Of course, Leslie's gleeful gaslighting was back on full display when Kat walked in and Leslie pretended that Ted was trying to have sex with her. Mann-Grant also brought the fun as Leslie returned home from the encounter and gave herself a pep talk in front of her now-infamous mirror. It's this vibe that's made Leslie a hoot from the start, but her portrayer indeed brought Leslie to the doorstep of madness this time, the way Leslie flopped on the couch and kicked her legs in the air, praising herself for her chaos-causing brilliance.

Finally, we've seen Leslie cold as ice as well – particularly to Eva, lately, by whom Leslie feels betrayed for choosing the Richardsons over her. Leslie said as much as she advised her estranged daughter to pick up her garbage-bagged belongings and git – yet it was at that moment Mann-Grant showed us a humanity in Leslie that had never come across before. On the surface, Leslie was mocking, ordering the near-sobbing Eva to go back to her new fam, who were all better than Leslie.
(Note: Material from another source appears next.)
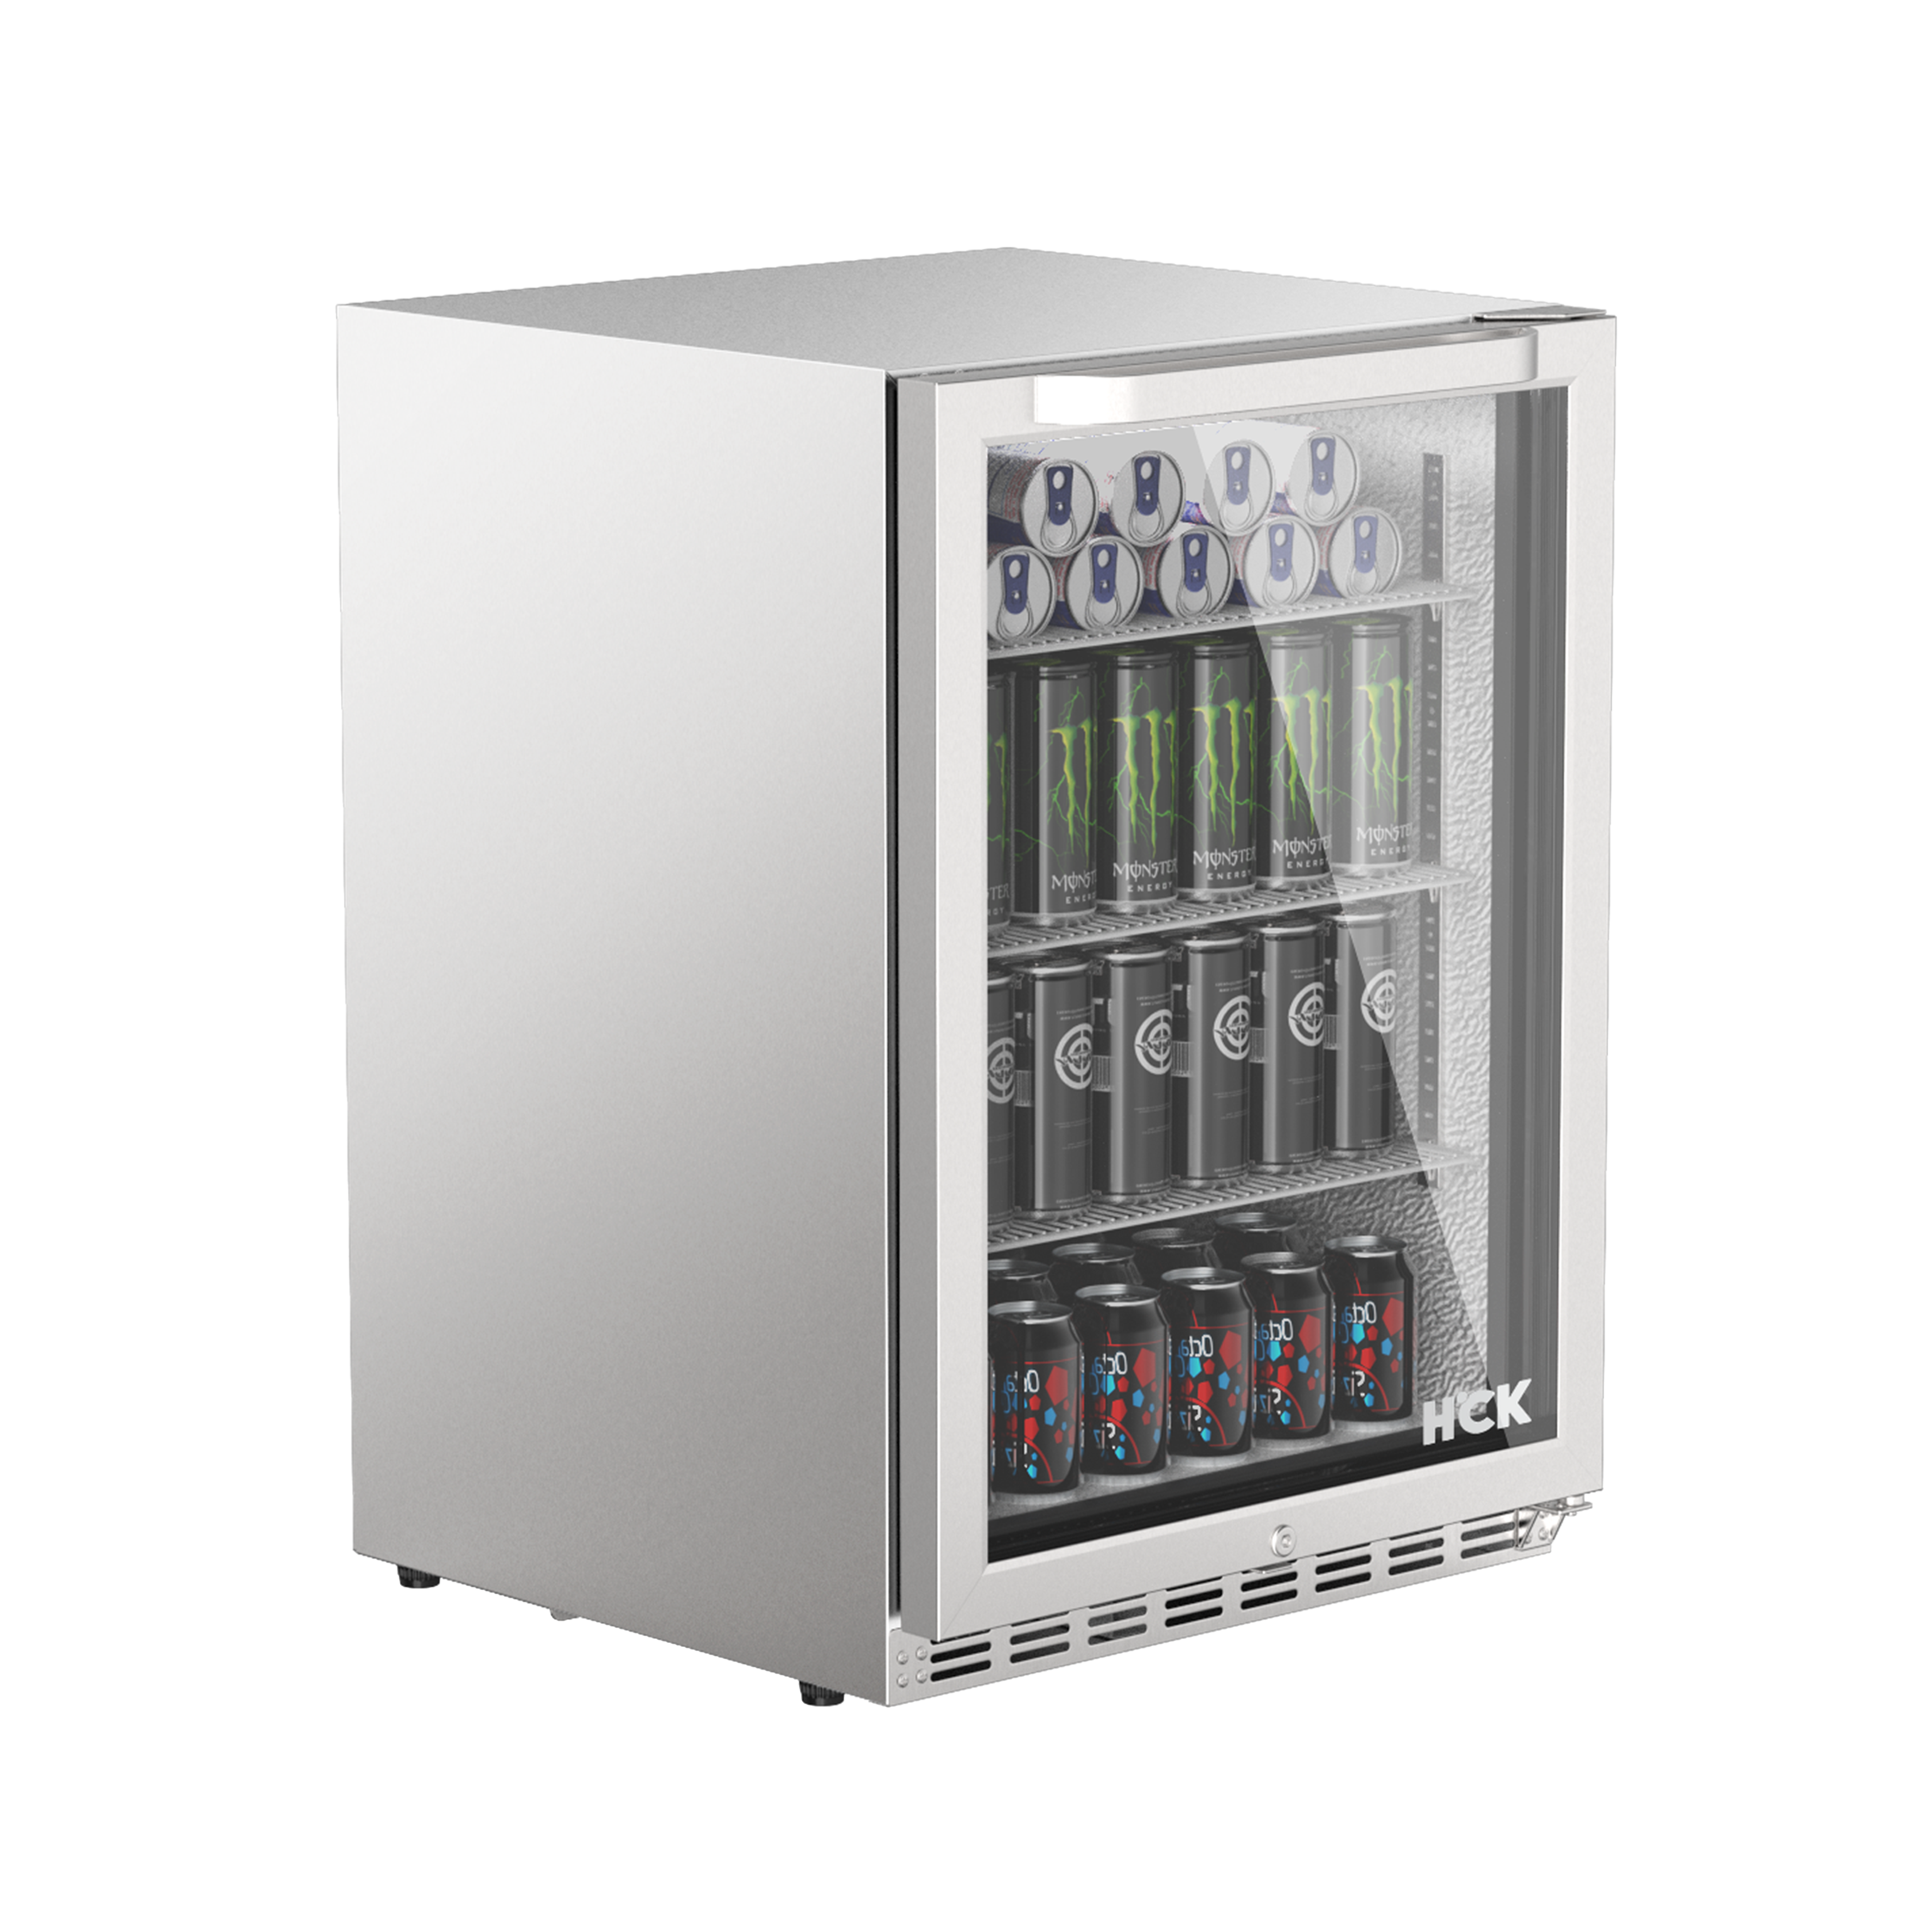 Side view of a 5.12 Cu Ft Beverage Outdoor Refrigerator 132 cans with glass door. The contents of the fridge can be seen through the door

But while Mann-Grant maintained the chilliness, she also brought in sadness laid just beneath it, during which even the controlled Leslie couldn't prevent the tears from escaping. Many soap characters cry on the regular, but Leslie had never let herself succumb to that vulnerability until that moment, and it gave the wicked, villainous Leslie something she hadn't earned before – rooting value.

Who knew that Leslie has more layers than she has wigs? And Tricia Mann-Grant has command of all of them. Here's hoping we see even more of this complicated lady's nuances...before she inevitably gets carted off to jail, that is!

Beyond the Gates airs weekdays on CBS and streams on Paramount Plus.